Smaller companies have defied market logic over the past five years. Despite the UK being in recession - considered an unsupportive economic environment for small caps - the asset class has thrived.
Here, Gervais Williams of Miton explains why the best is yet to come, and which three stocks you should be backing now for future returns.
Emma Wall: Hello and welcome to Morningstar TV. I’m Emma Wall and here with me today is Gervais Williams of Miton to give me his three stock picks.
Hello, Gervais.
Gervais Williams: Hello there.
Wall: So what’s your first one?
Williams: Well, what I’m interested in is companies which are enjoying a period of growth irrespective of the economy at large. And some of the companies which haven’t done well during the credit boom are starting to see renewed opportunities. A good example of that might be Greencore. Greencore is a food manufacturing business. It supplies to all major supermarkets just in U.K. and U.S. And in particular, it’s enjoyed a period where it’s been getting increasing pricing power.
So, you've seen margins being improved. We're seeing in particularly turnover growth. Turnover growth has grown about 68% between 2010 and projected to 2015. Lots of top-line growth. A company, which is generating lots of cash, it was on a 9% yield, has gone up three times to a 3% yield, but still on a 10.8 P/E till September. I mean, it’s just incredible, still plenty of opportunity, a lovely stock, a company which has already performed well. It’s a mid-cap stock now, but there are other companies coming through.

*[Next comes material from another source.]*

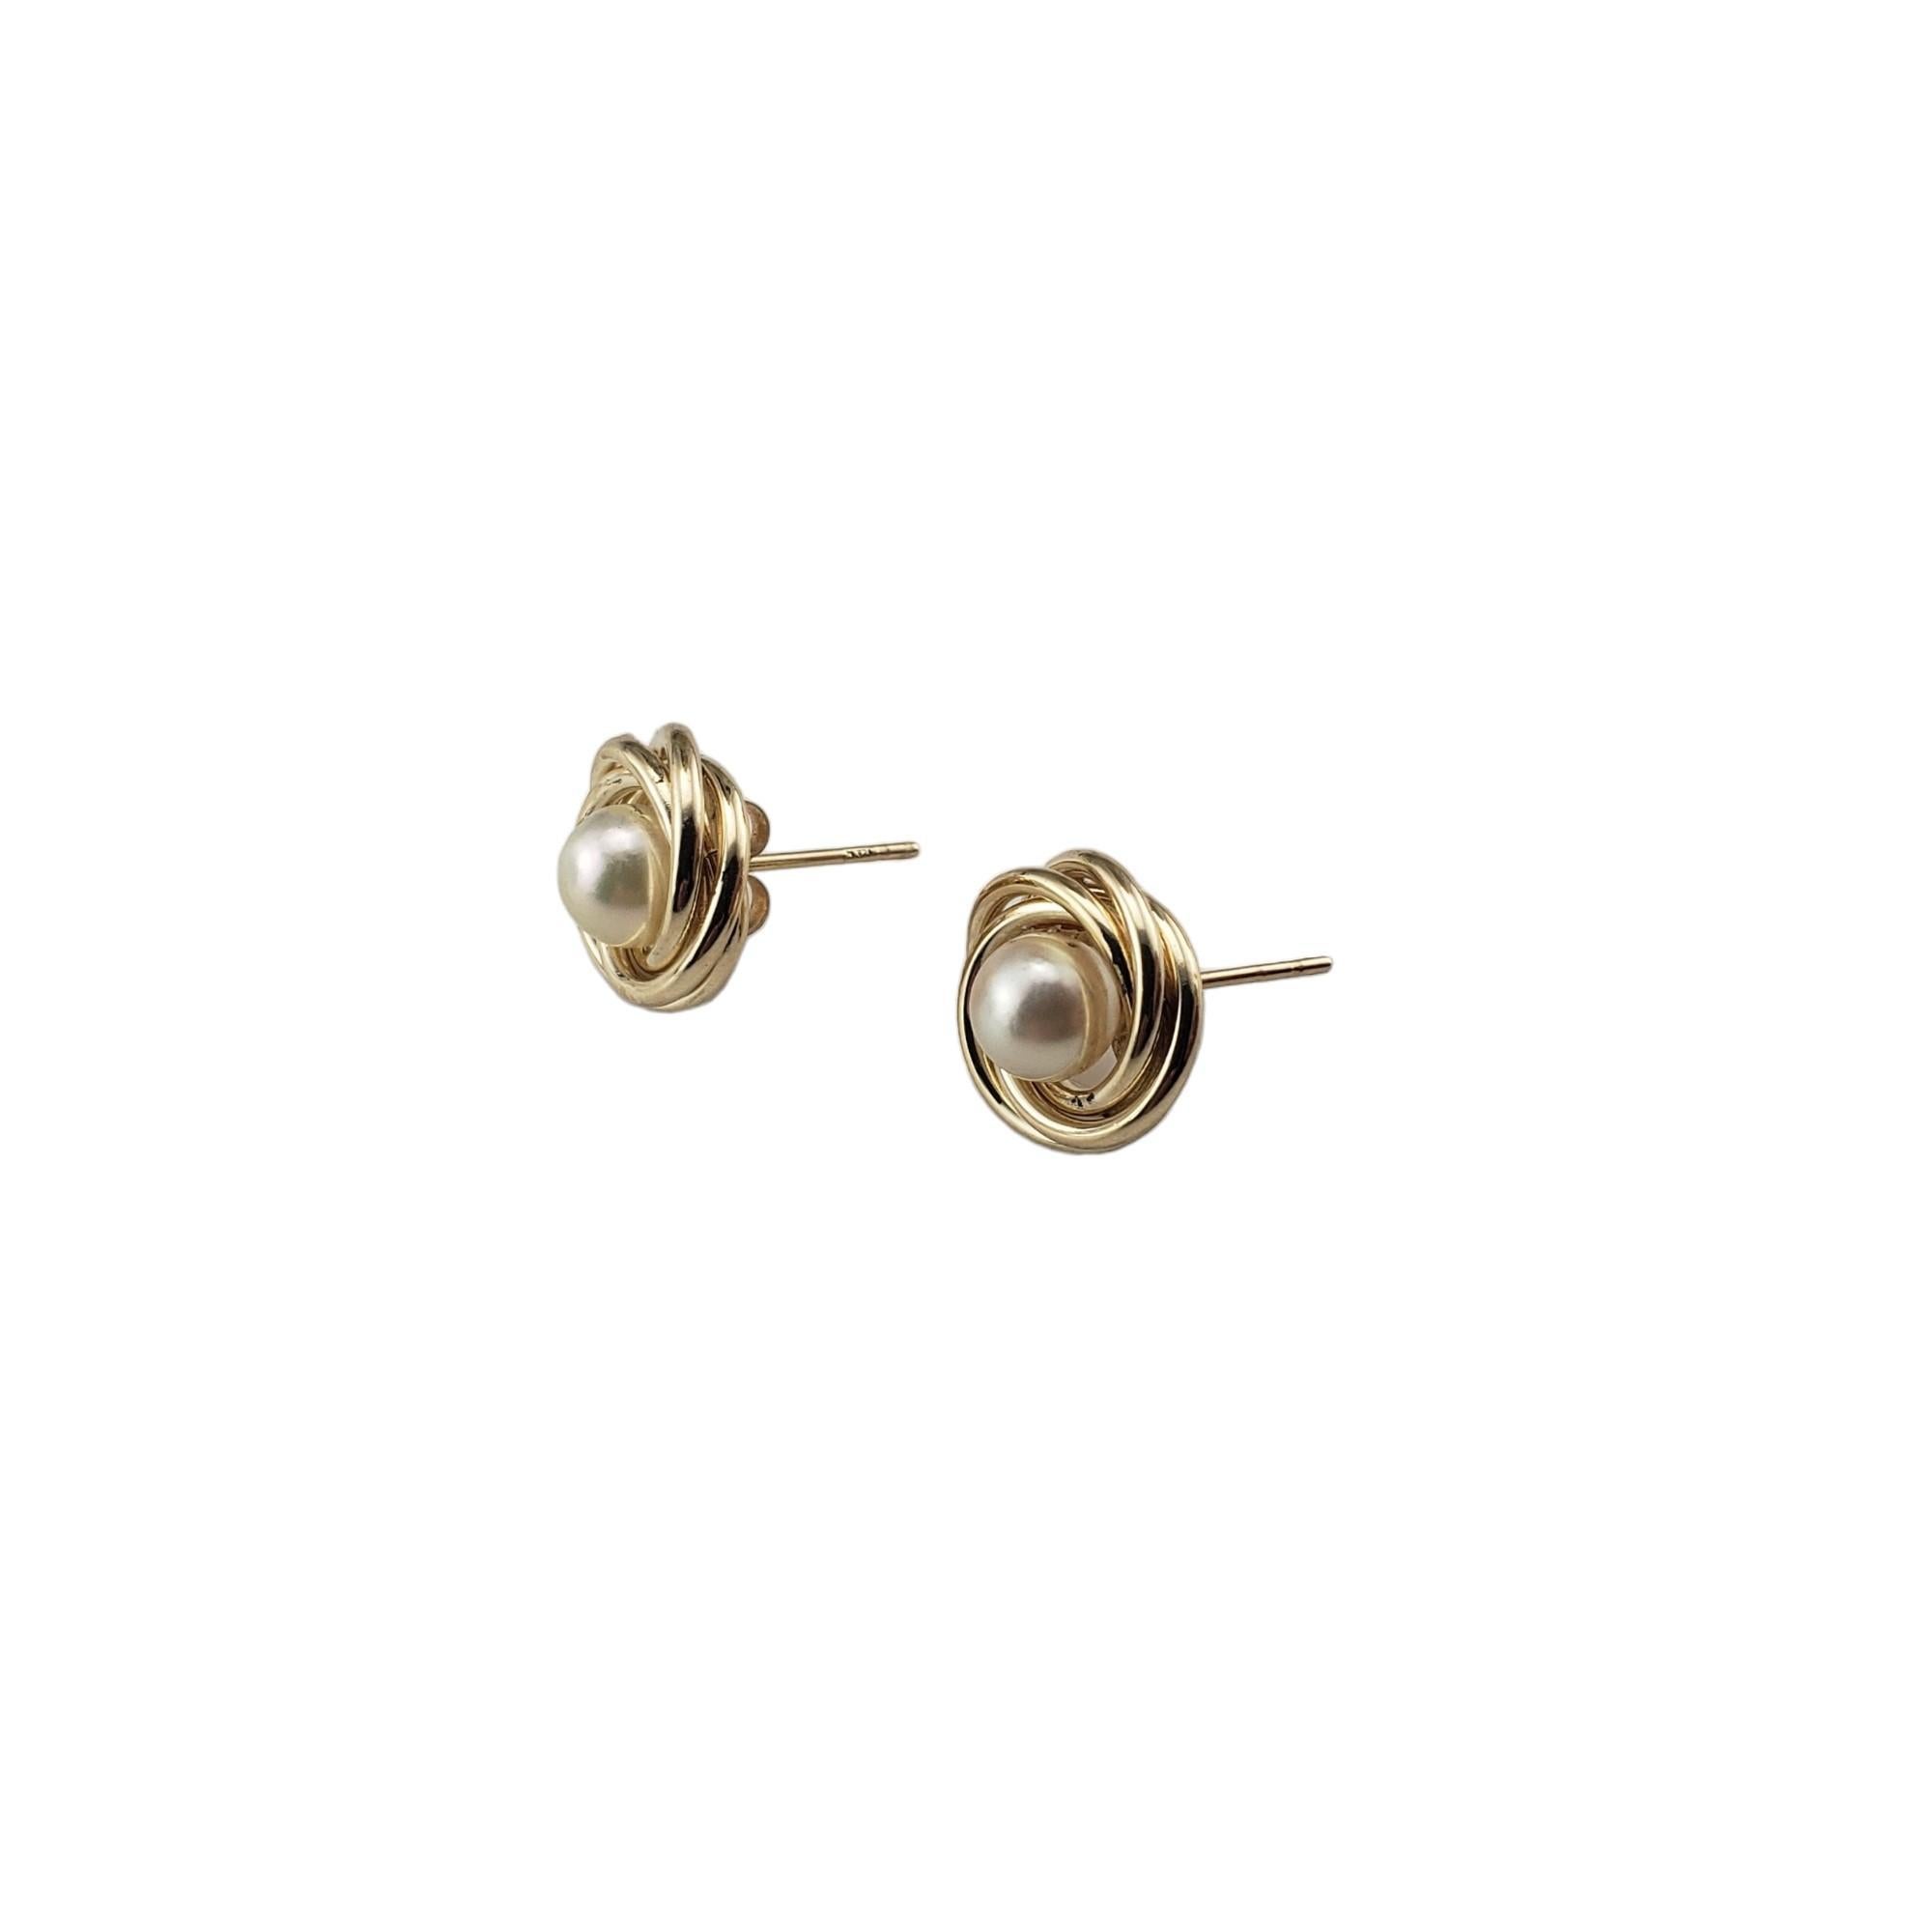  14 Karat Yellow Gold and Pearl Earrings #15516 In Good Condition For Sale In Washington Depot, CT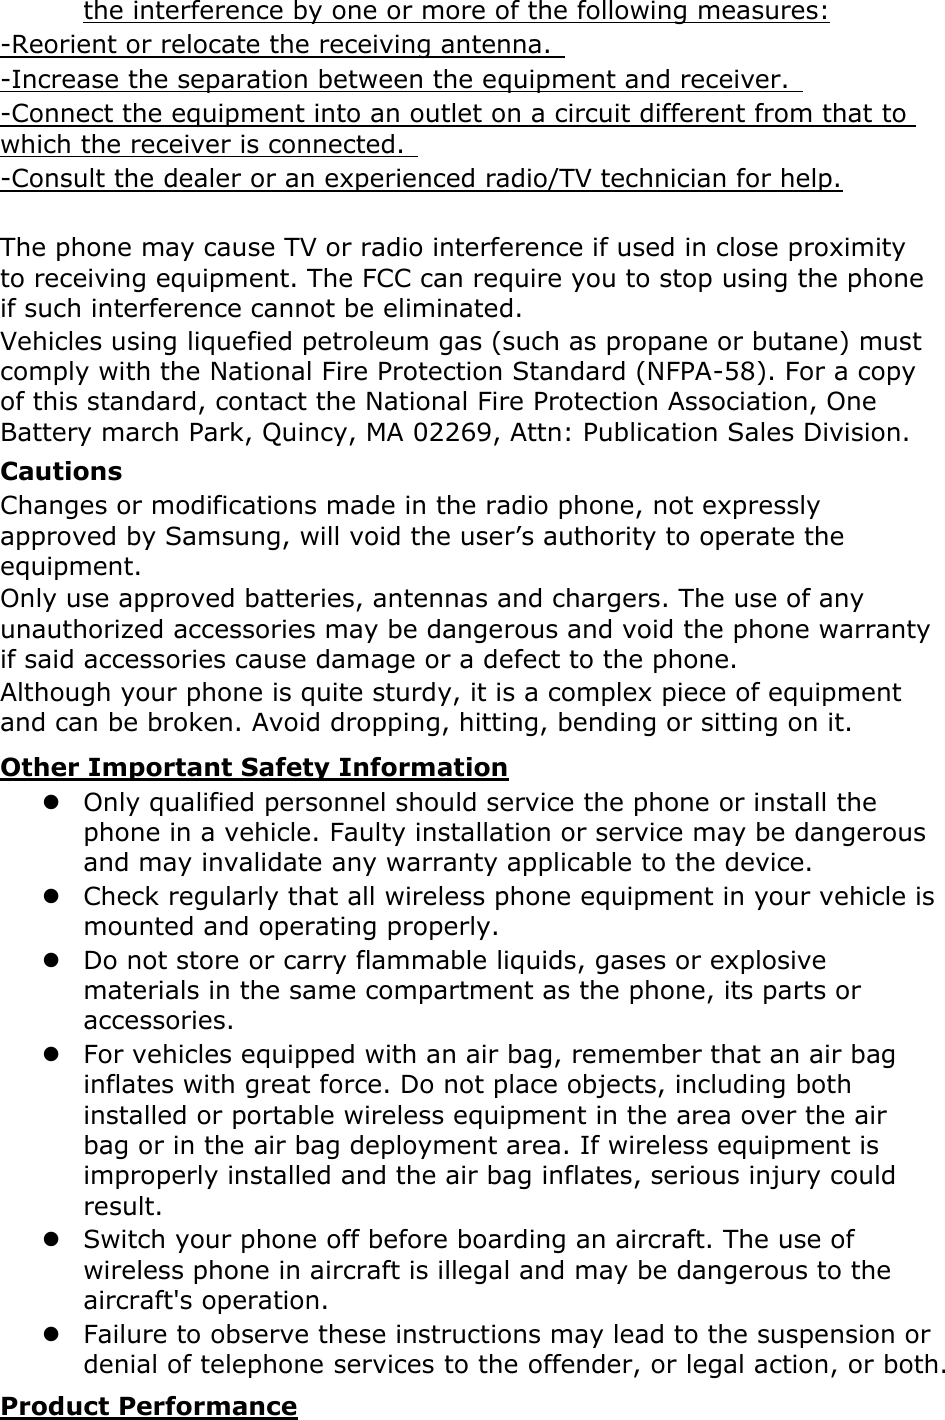 Page 17 of Samsung Electronics Co SGHT259 Cellular/PCS GSM/EDGE and AWS WCDMA Phone with Bluetooth User Manual

So, perhaps another example of that, particularly, if you get around £100million or just below that in market cap term, so an example of that might be Randall & Quilter Investment Holdings. This is an insurance company, involved in insurance services. It’s again enjoying a period of growth. It’s probably growing at a 15% compound on a top line. It’s not far off net asset value, so very good tangible assets in the balance sheet. A decent yield looking at over a 7% yield; just a lovely business growing really well, completely wrong price in my view, again, great holding for us.
And then as you get a bit smaller, again, you get into companies something like Fairpoint. And the reason why I like a company like this, which is involved in debt management solutions for individuals, is unusually it does better when the economy gets worse.
So if we do find that the economy has a good run, but then peters out, then it’s nice to have stocks in your portfolio which are likely to do better. So this is a company, which is still doing pretty well. It’s on an 8.5 P/E. It’s fairly cheap. It’s got cash in the balance sheet. It’s got a yield of over 5%, 5.5% to 6%, which has grown 40% in the last three years, just a lovely investment. So, there is plenty around for those looking for good and quality investments.
Wall: Thank you very much, Gervais. This is Emma Wall from Morningstar TV. Thank you for watching.